Fire the motor up to get everything oiled then try disconnecting and blanking off the rocker feed, you'll know for sure if the problem is with the rockers. A few seconds without the rocker feed will not do any harm. Generally with the rocker shafts installed incorrectly there's a lot of oil in the head and the motor will smoke like crazy.

Dave
 
Today I will turn the spindles.

If you are sure they are fitted incorrectly as you didn't seem too sure earlier: "I tried the wire down the spindle thing and, while difficult to tell, I think the spindles were put in backwards."

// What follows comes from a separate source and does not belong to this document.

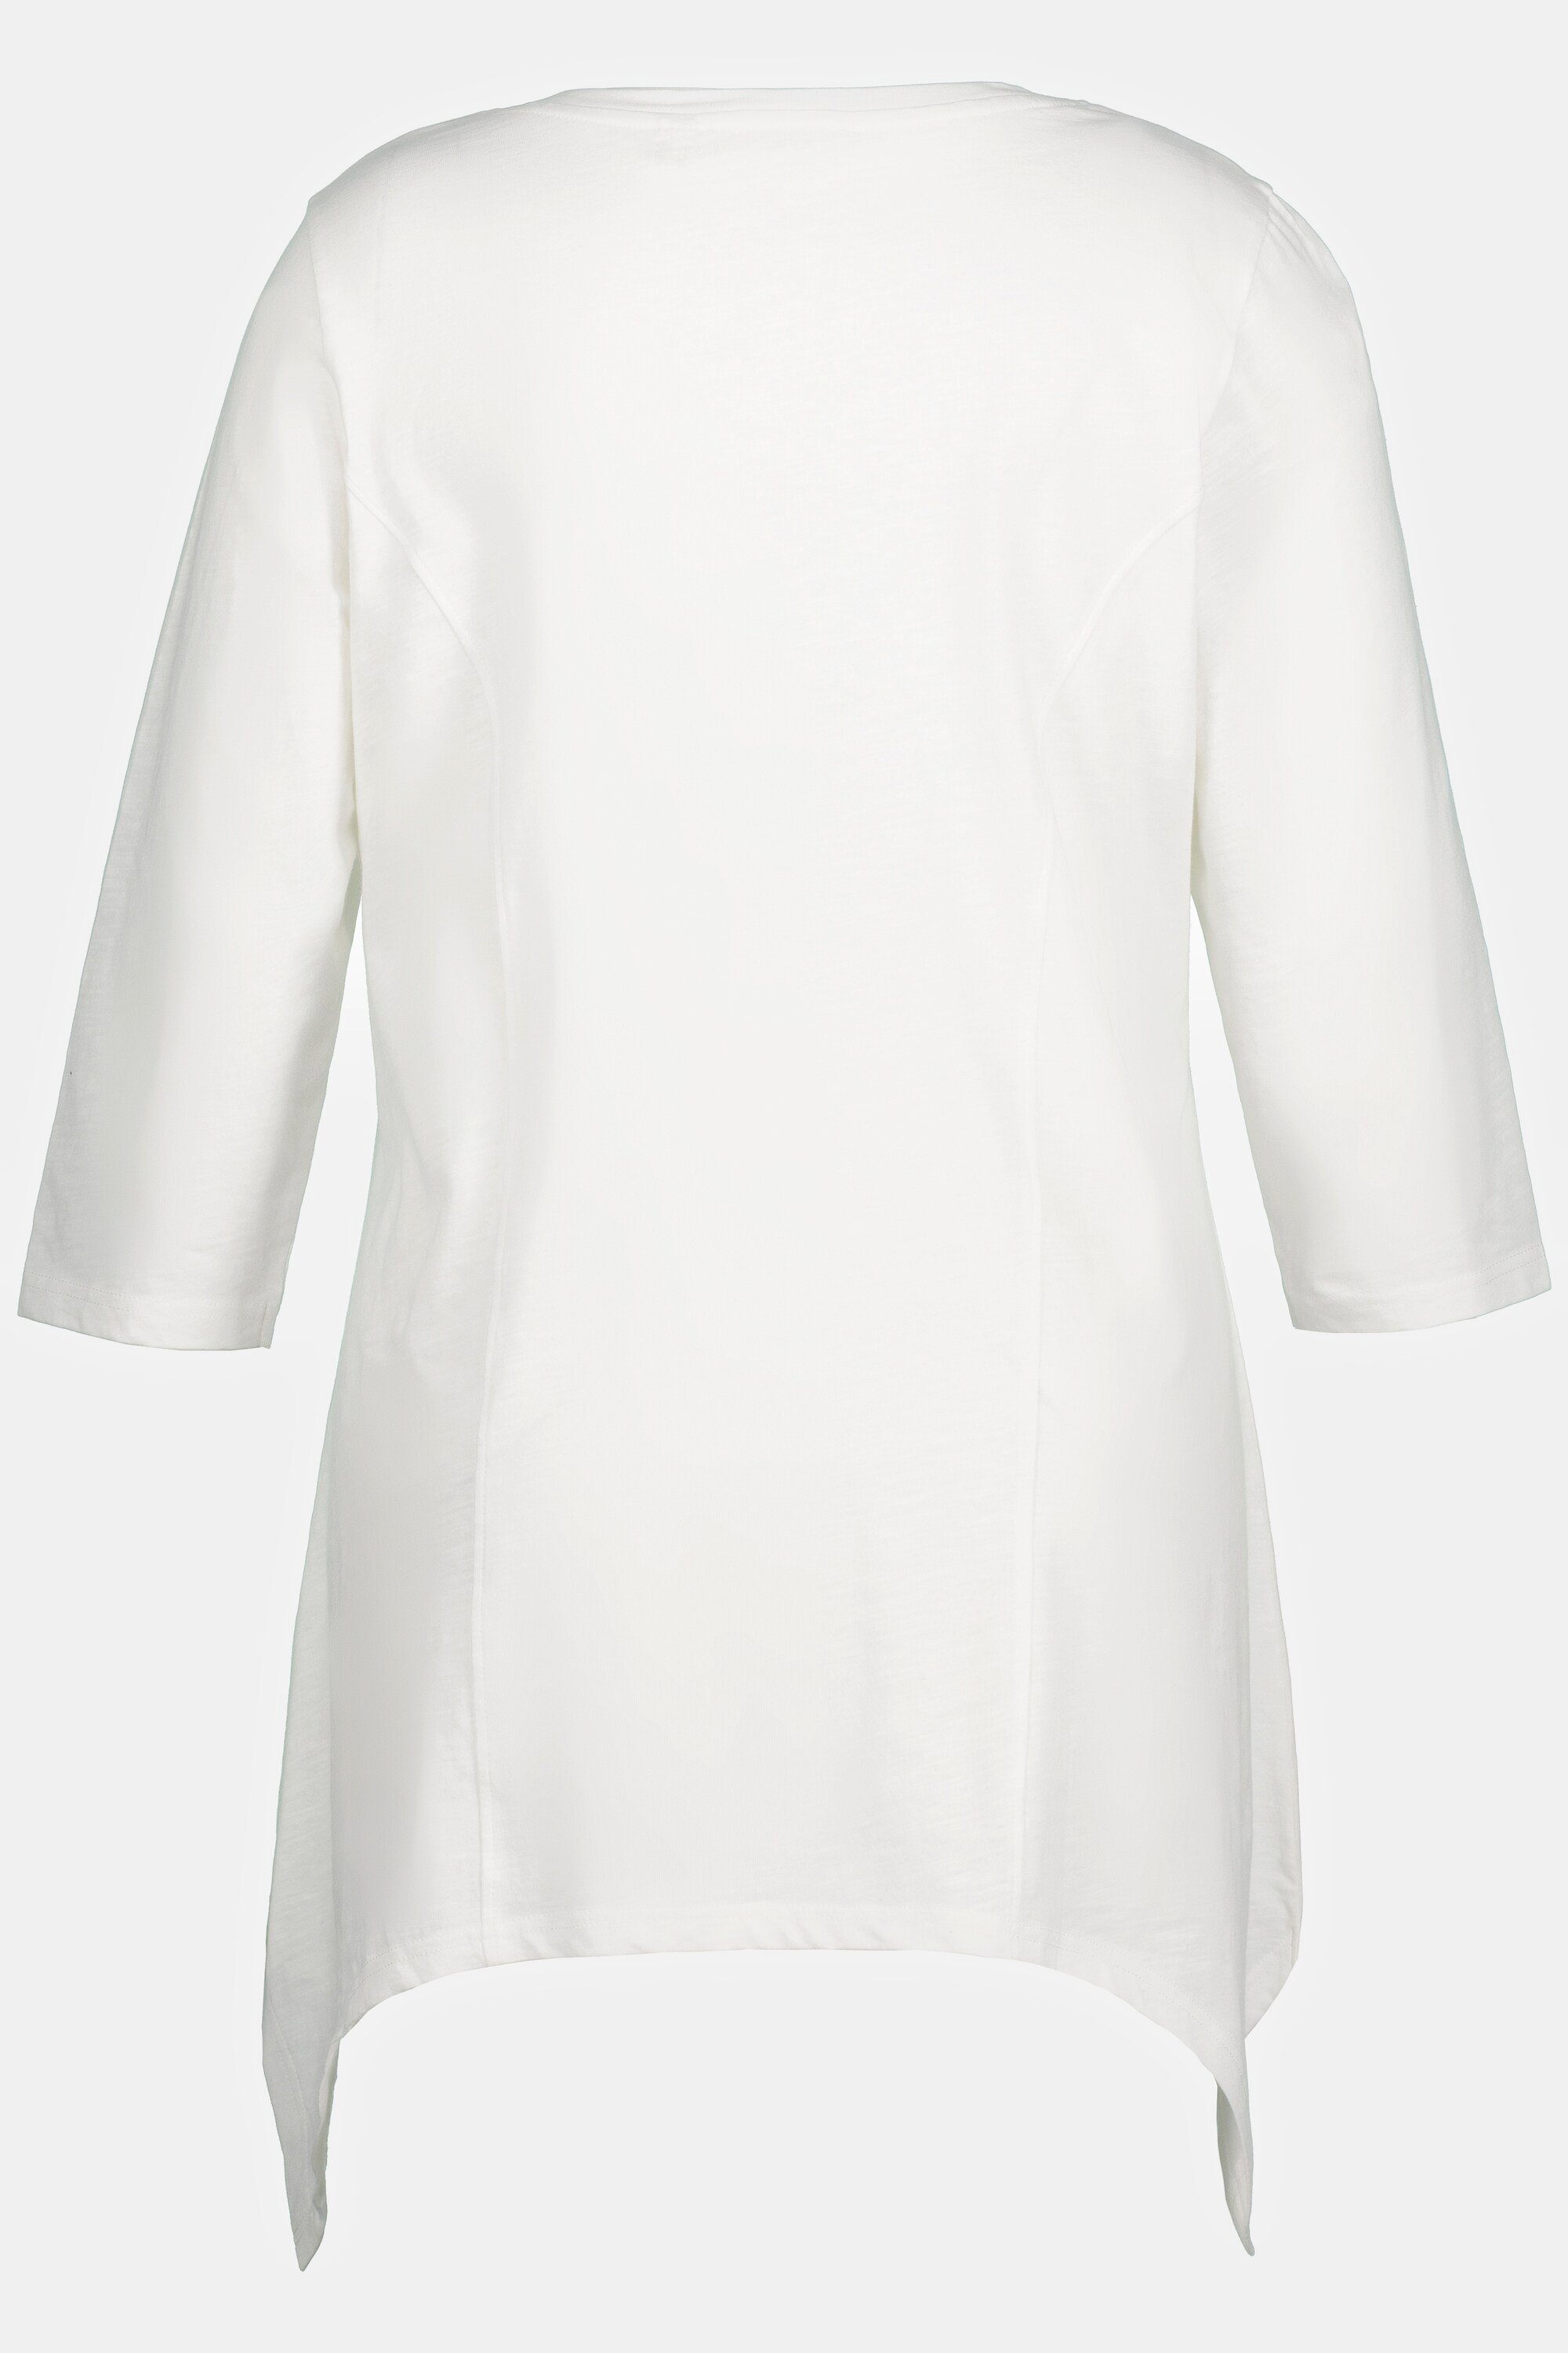 Zipfelsaum Biobaumwolle Shirt V-Ausschnitt Rundhalsshirt Ulla 3/4-Arm offwhite Popken

Just to be sure, if correct, the flats/holes on the inlet spindles will face to the rear and the exhaust flats/holes face to the front.


rocker spindles in right?
 
Fire the motor up to get everything oiled then try disconnecting and blanking off the rocker feed, you'll know for sure if the problem is with the rockers. A few seconds without the rocker feed will not do any harm. Generally with the rocker shafts installed incorrectly there's a lot of oil in the head and the motor will smoke like crazy.

Dave
Yes , many are hesitant to do this.. but it works without damage.
 
Thanks, all. Problem solved. All 4 spindles were in backwards. The whole process of setting it straight was not too bad ....heat with MAP gas and draw them out just enough to see the flat. The annoying part is the gasket cleanup on the plates.